#### WHAT THE TASK ASKS:
Among the entries that follow, locate the line with "CAMBODIA - 2001- YEAR" and the line with "Casablanca Ivory Terry". Output those lines and all lines in between, exactly, minus the pictures.

#### RECORDS PROVIDED:
━━━━━━━━━━━━━━━━━━━━━━━━━━━━━━
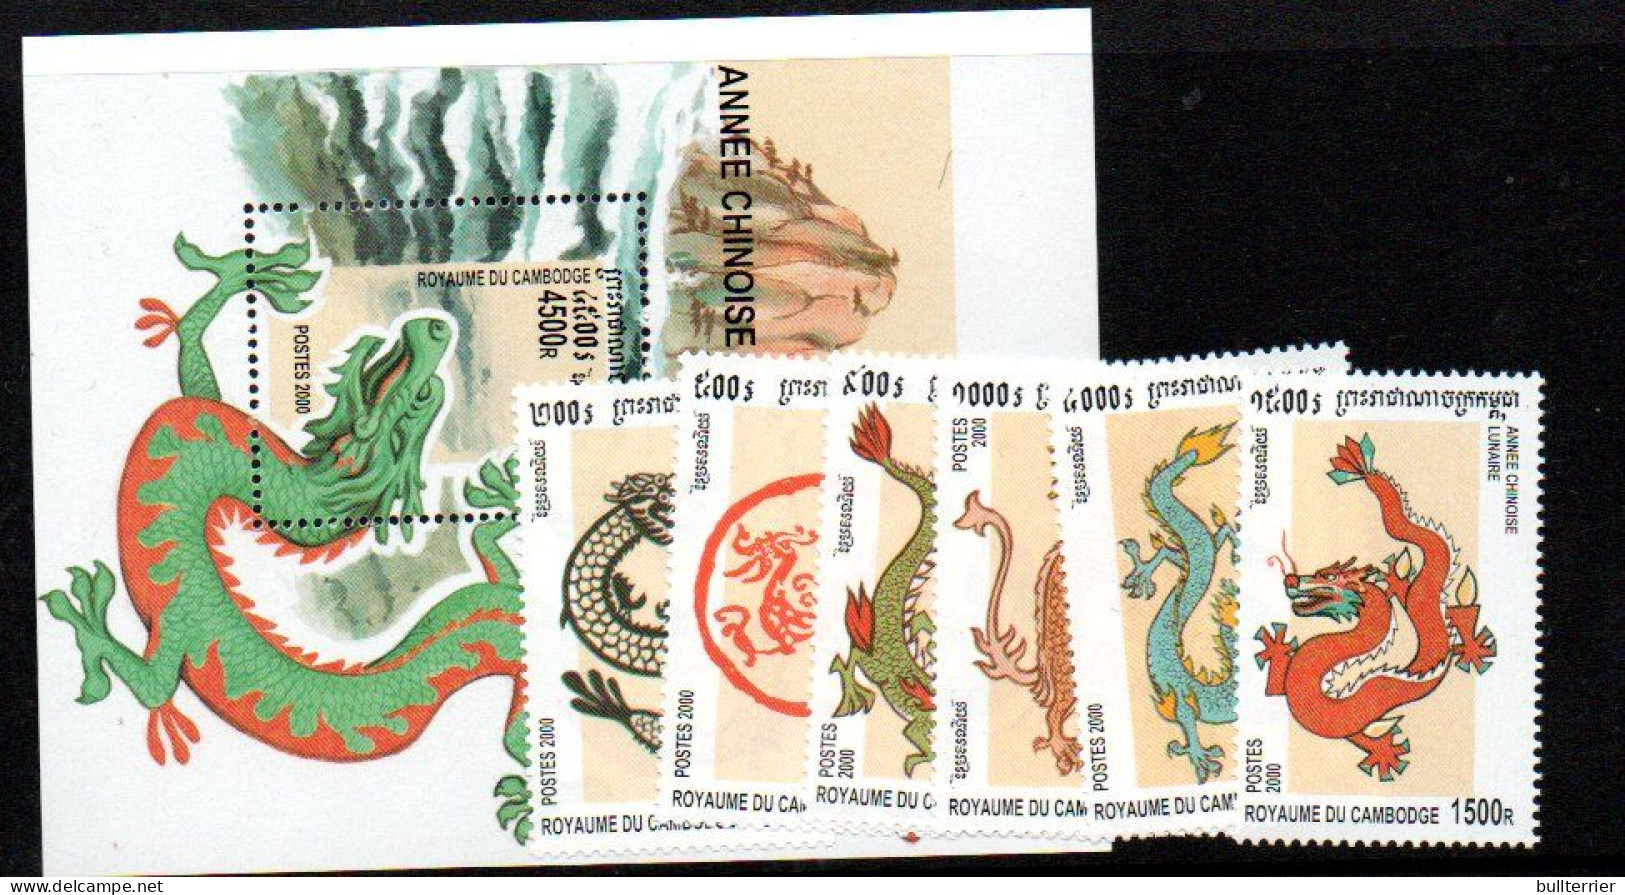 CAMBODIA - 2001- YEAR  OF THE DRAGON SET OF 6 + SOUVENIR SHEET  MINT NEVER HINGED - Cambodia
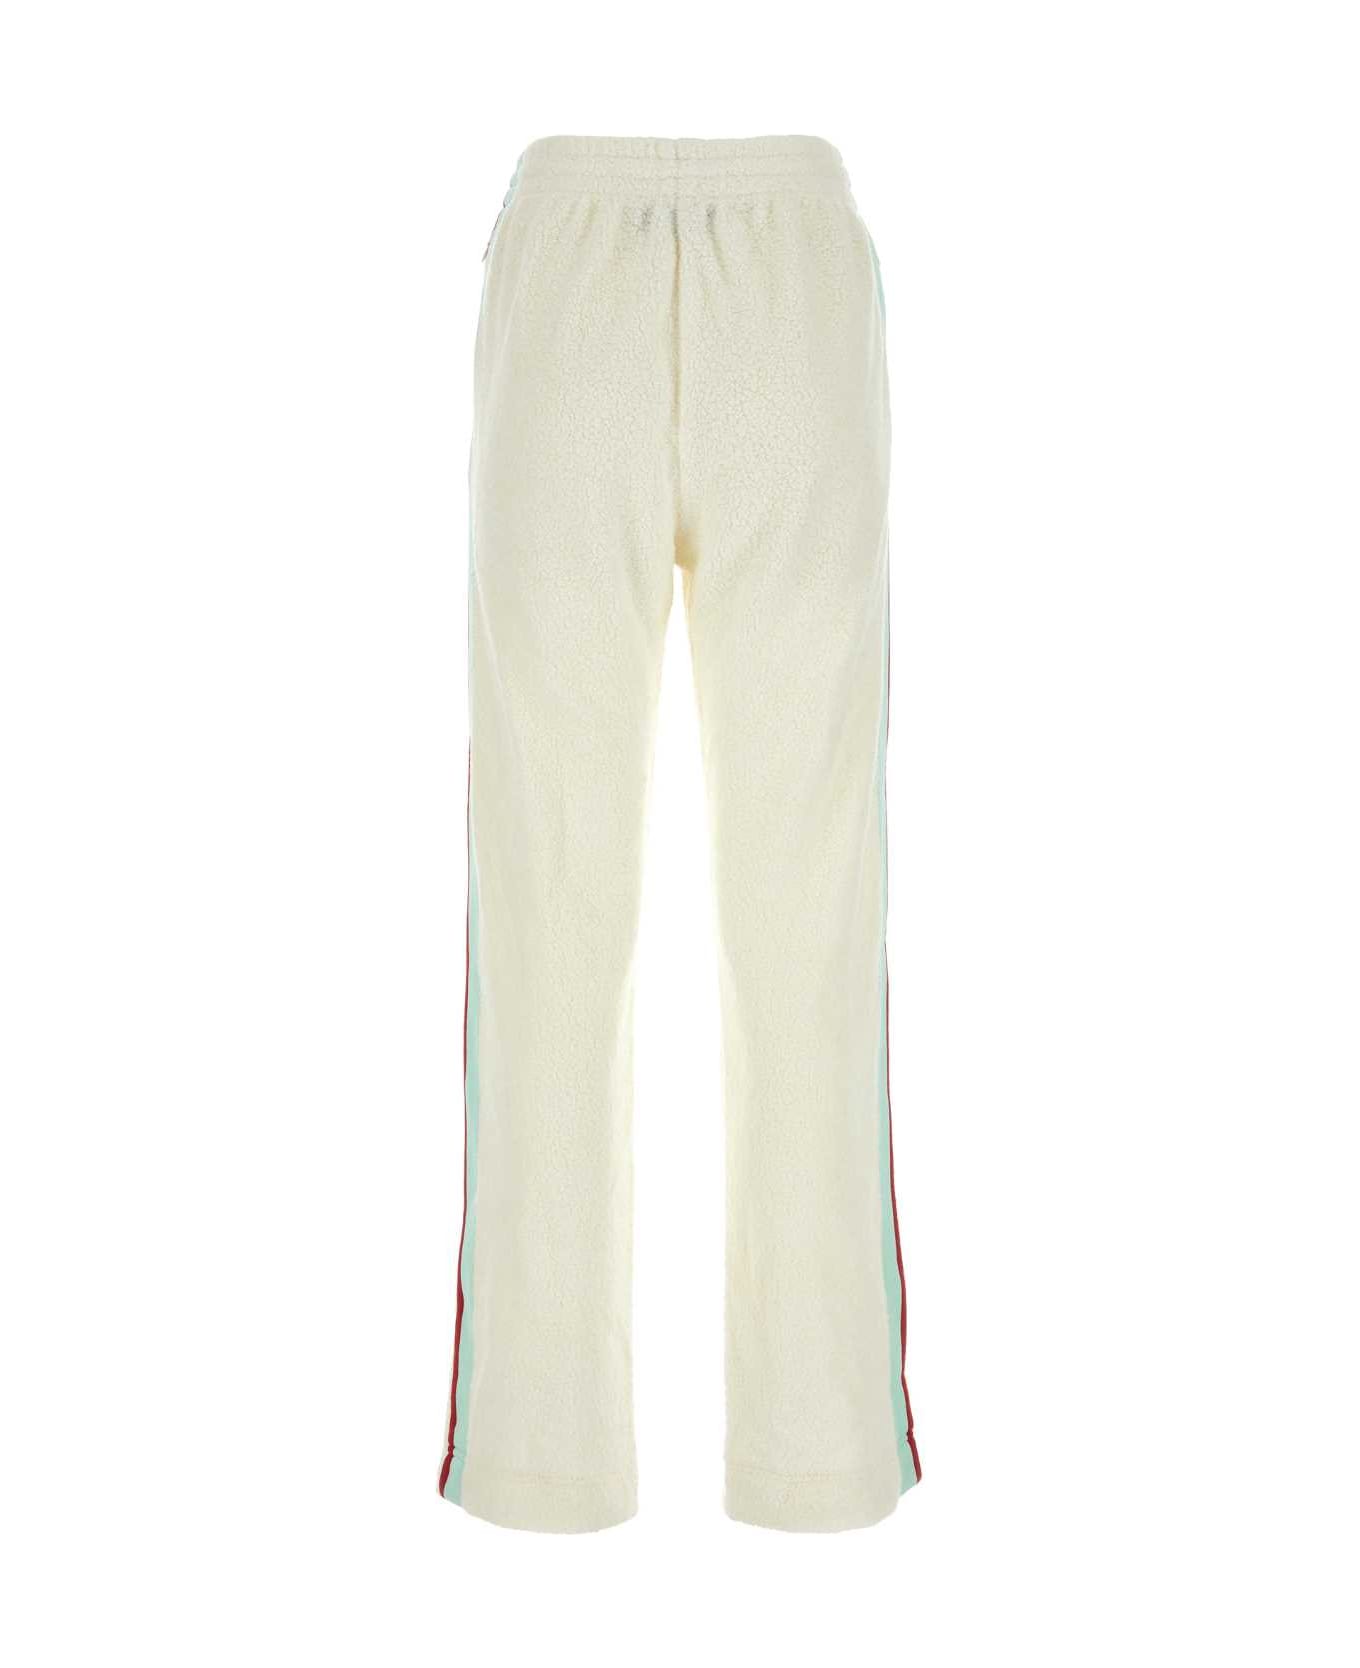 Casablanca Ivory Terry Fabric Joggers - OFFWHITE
━━━━━━━━━━━━━━━━━━━━━━━━━━━━━━
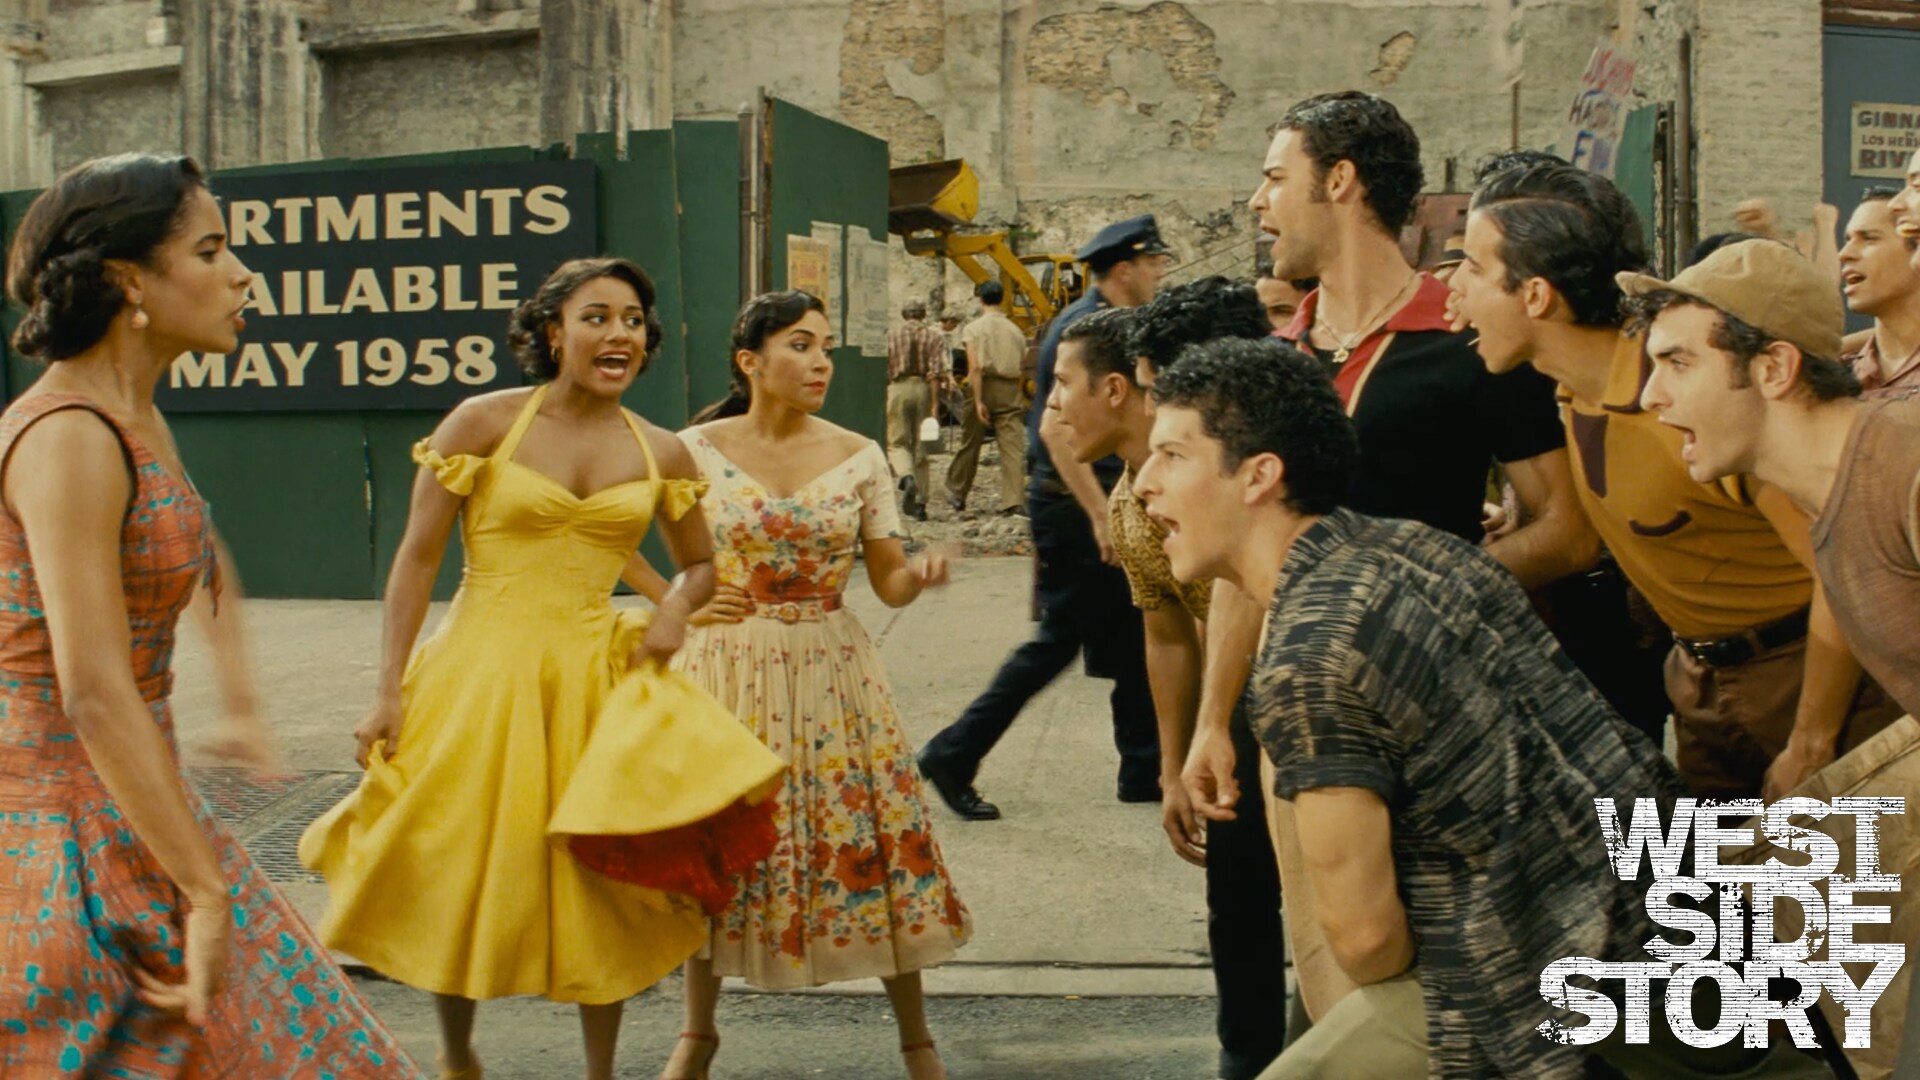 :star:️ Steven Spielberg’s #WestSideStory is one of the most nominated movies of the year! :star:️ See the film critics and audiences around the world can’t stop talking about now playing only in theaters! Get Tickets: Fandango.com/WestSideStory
━━━━━━━━━━━━━━━━━━━━━━━━━━━━━━
#### EXERCISE RESULT:
 CAMBODIA - 2001- YEAR  OF THE DRAGON SET OF 6 + SOUVENIR SHEET  MINT NEVER HINGED - Cambodia
 Casablanca Ivory Terry Fabric Joggers - OFFWHITE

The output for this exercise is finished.